Deinacrida connectens is adapted to be moderately freeze tolerant and is adapted to high elevation zones.' It is known to be omnivorous, but in the wild is generally observed feeding on plants. D. connectens has been observed in the wild browsing lichens, herbs and shrubs such as Aciphylla and Gaultheria depressa. In captivity, D. connectens has been observed to eat vegetables, fruit, raw beef, cheese and insects such as cicadas and beetles. Feeding generally occurs early at night, after D. connectens has emerged from their daytime cover.
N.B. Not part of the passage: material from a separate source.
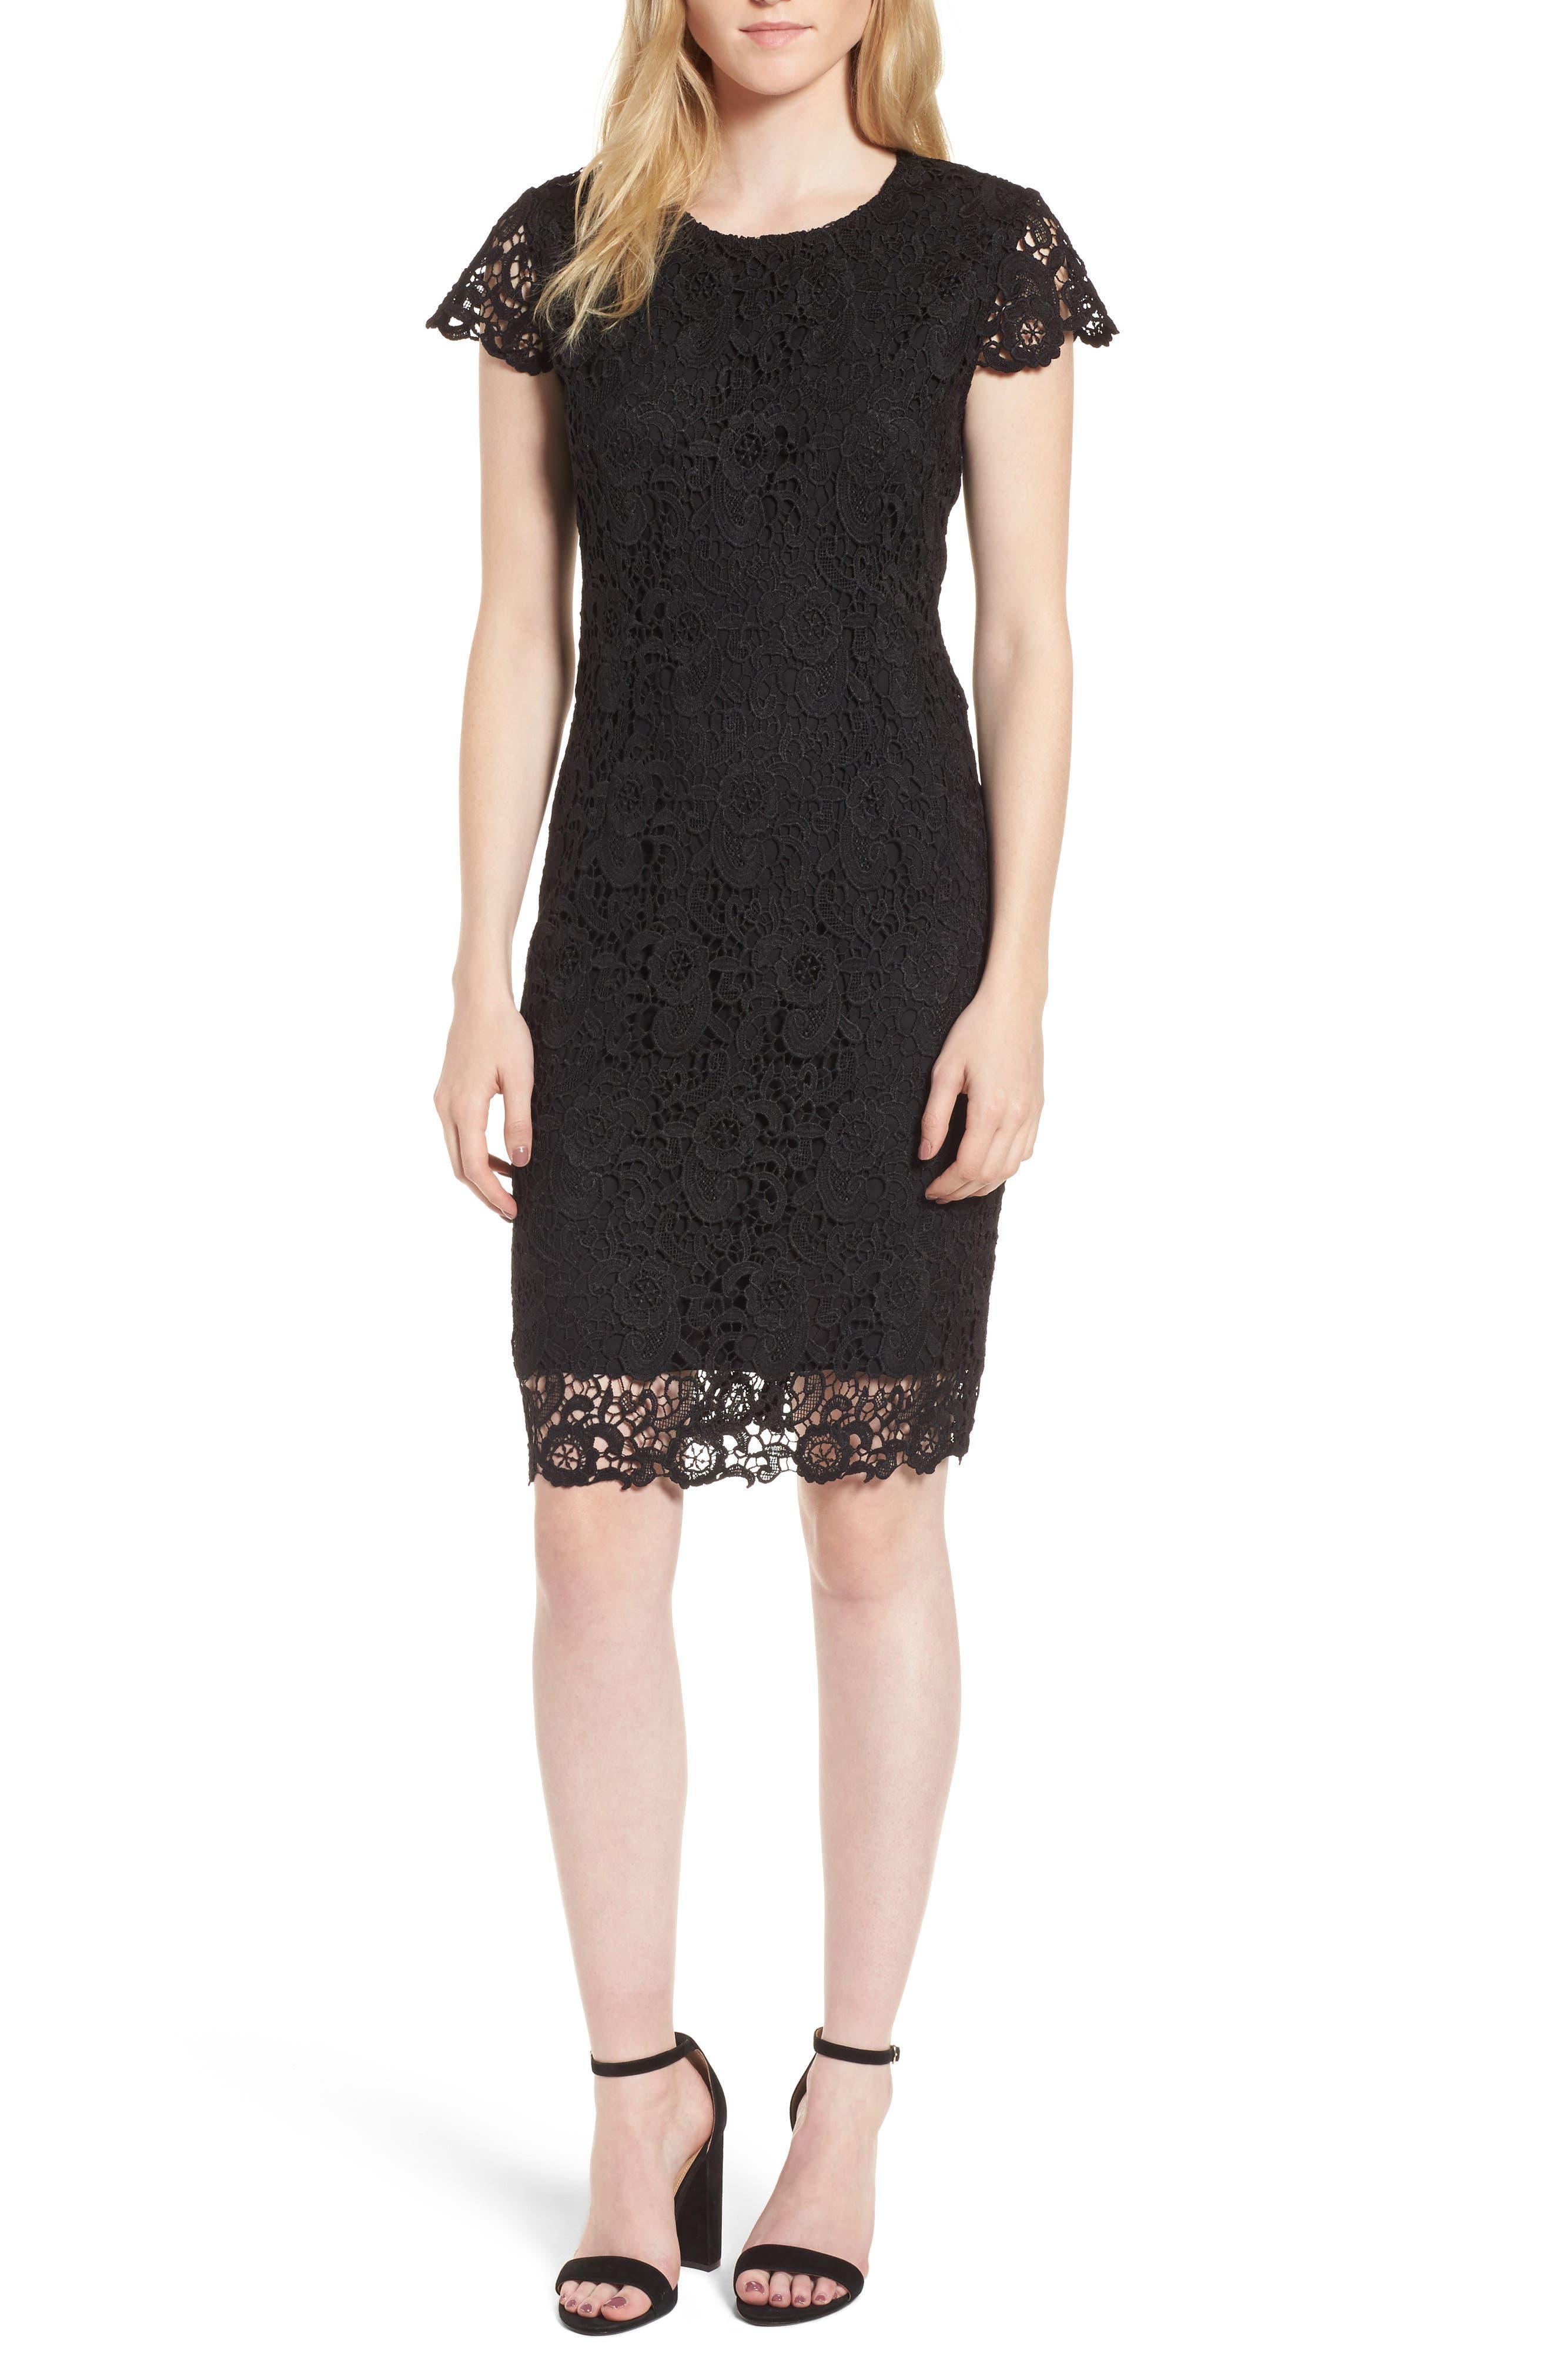 Chesea28 Lace Sheath Dress

It is known to be capable of dispersing some fleshy fruit seeds by endozoochory. In an experiment, D. connectens' ability to disperse seeds of Gaultheria depressa by feeding was found to be dependent on the size of the wētā. At smaller sizes, fewer seeds were eaten and the wētā could be considered seed predators, (almost no seeds made it intact through the guts of individuals measuring 2 cm or less). With larger sized wētā however, thousands of seeds were consumed, some of which were presumably capable of being dispersed large distances, suggesting D. connectens can act as a seed disperser. One captive individual D. connectens was recorded successfully passing 686 intact seeds.

== Genetics ==
Genetic diversity within Deinacrida connectens is high, being much greater than normal for insects. In a phylogeography study of D. connectens, research found seven genetic lineages from mtDNA haplotypes, where each occupied a discrete geographic region. The average genetic difference between haplotypes was 4.8%. This genetic structure combined with lineage age estimations suggests D. connectens radiated during the Pliocene mountain building that created the Southern Alps four million years ago. It was also suggested that subsequent glaciation may have helped foster isolation between population of D. connectens. The scree wētā is diploid with an even number of chromosomes in females, and an odd number in males, but populations within this species have differing numbers of chromosomes. There are seven known karyotypes (a complete set of chromosomes) within D. connectens. These karyotypes range from seventeen to twenty-two chromosomes.

==Conservation==
Under the New Zealand Threat Classification System as of 2022, Deinacrida connectens is listed as a "Not Threatened" species with the qualifier of "Data Poor: Trend". Due to being restricted to high elevation, it is thought that introduced mammalian predators are not a threat to D. connectens populations, since these predators are uncommon in these regions. This is in contrast to other Deinacrida species, which are generally at lower elevation and are more frequently preyed upon by introduced predators, causes a decline in giant wētā species abundance.